The journey to Britain would have taken a few hours. Instead, the group were entombed in the steel container for five days and had to endure a journey through the English Channel, where the ship encountered gale-force winds.

Dr. Paddy McKiernan of Wexford General said the survivors were in critical condition, suffering from lack of oxygen, hypothermia and dehydration, when they were admitted.

“You just can’t bear to think about what these people must have gone through, locked in that cabin and not able to get out,” he said. “I think they must have gone through the most unbelievable harrowing scenes before they passed out.”

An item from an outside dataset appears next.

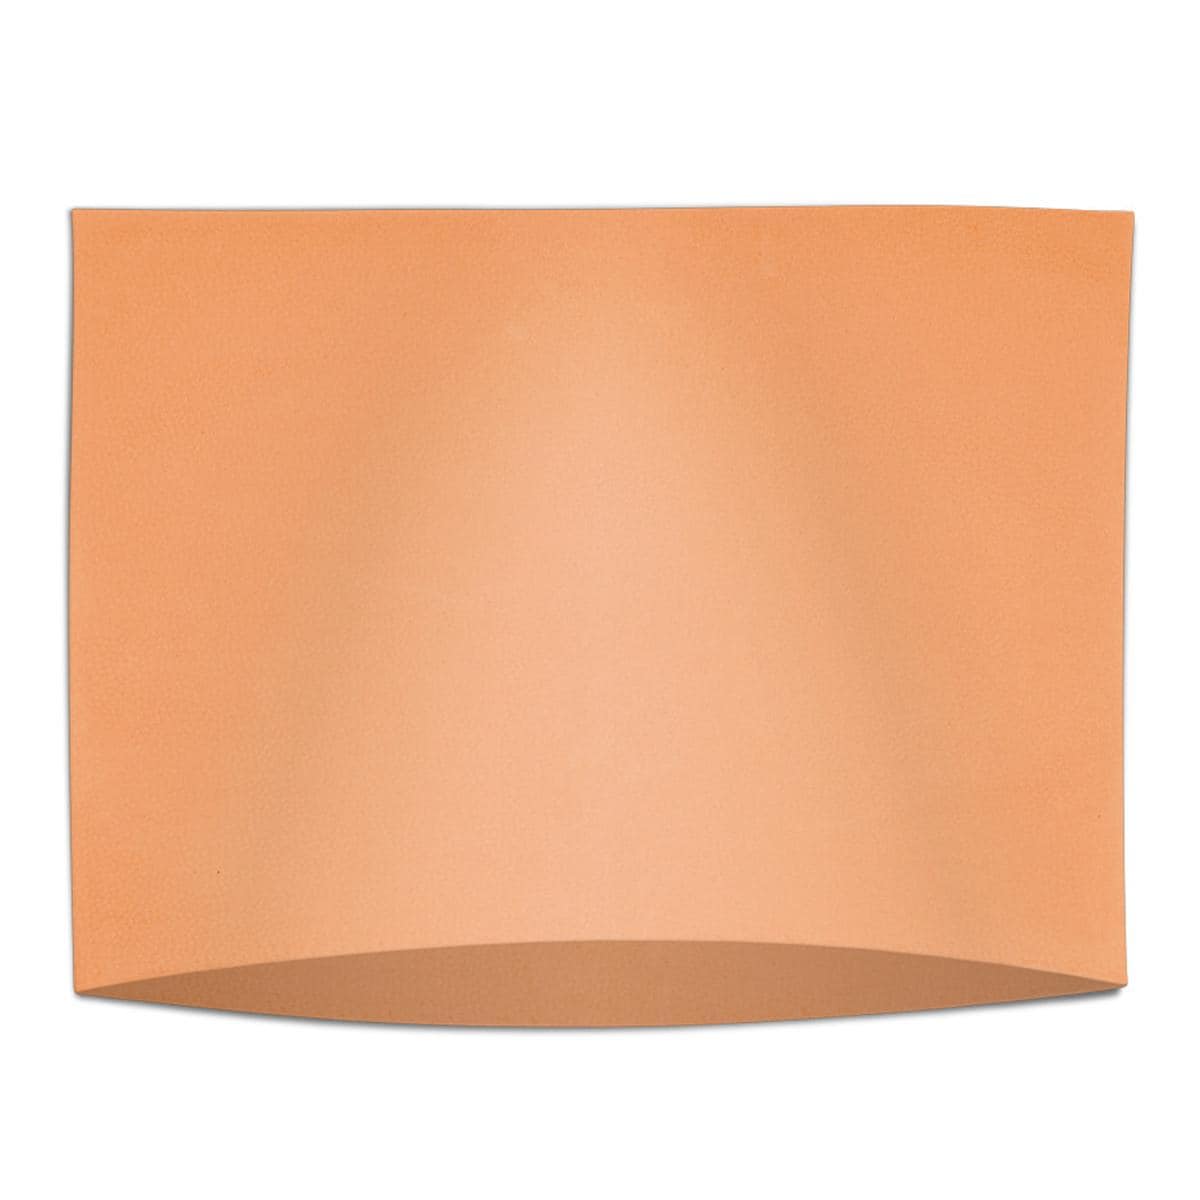 SafeBasics Hoofdsteunhoezen 25 x 33 cm - Oranje, 500 stuks

Refugee agencies, politicians and churchmen have criticized European asylum policies that force people to resort to extreme measures to get into the EU.

In April, a Dutch truck driver was found guilty of killing 58 Chinese immigrants who were found dead in a trailer at Dover in England.

The bishop of Ferns, Brendan Comiskey, said Europe is becoming known as Fortress Europe, instead of a family of nations and that the plight of asylum seekers and economic migrants must be considered with “softer, more open and more loving hearts.”

Justice Minister John O’Donoghue said the cases of the survivors would receive “sympathetic and humane consideration” if they applied to remain in Ireland.

“There is also provision, even if they were not to qualify for refugee status, for an order to be made allowing them to stay on humanitarian grounds,” he said.

“I have no intention of saying no room at the inn to these human beings. It was never my intention to say no room at the inn to any human being.”

He said that in the last year Ireland issued work permits to about 40,000 non-EEA immigrants and had also received about 10,000 applications for refugee status from asylum seekers.

Gardai believe the container left Milan in northern Italy on Nov. 30 and then went by rail to the Belgian port of Zeebrugge via the German city of Cologne. It was shipped from Belgium on Dec. 4 and arrived in the Waterford port of Belview two days later.

It was then collected by a driver and cab and brought by road to Wexford.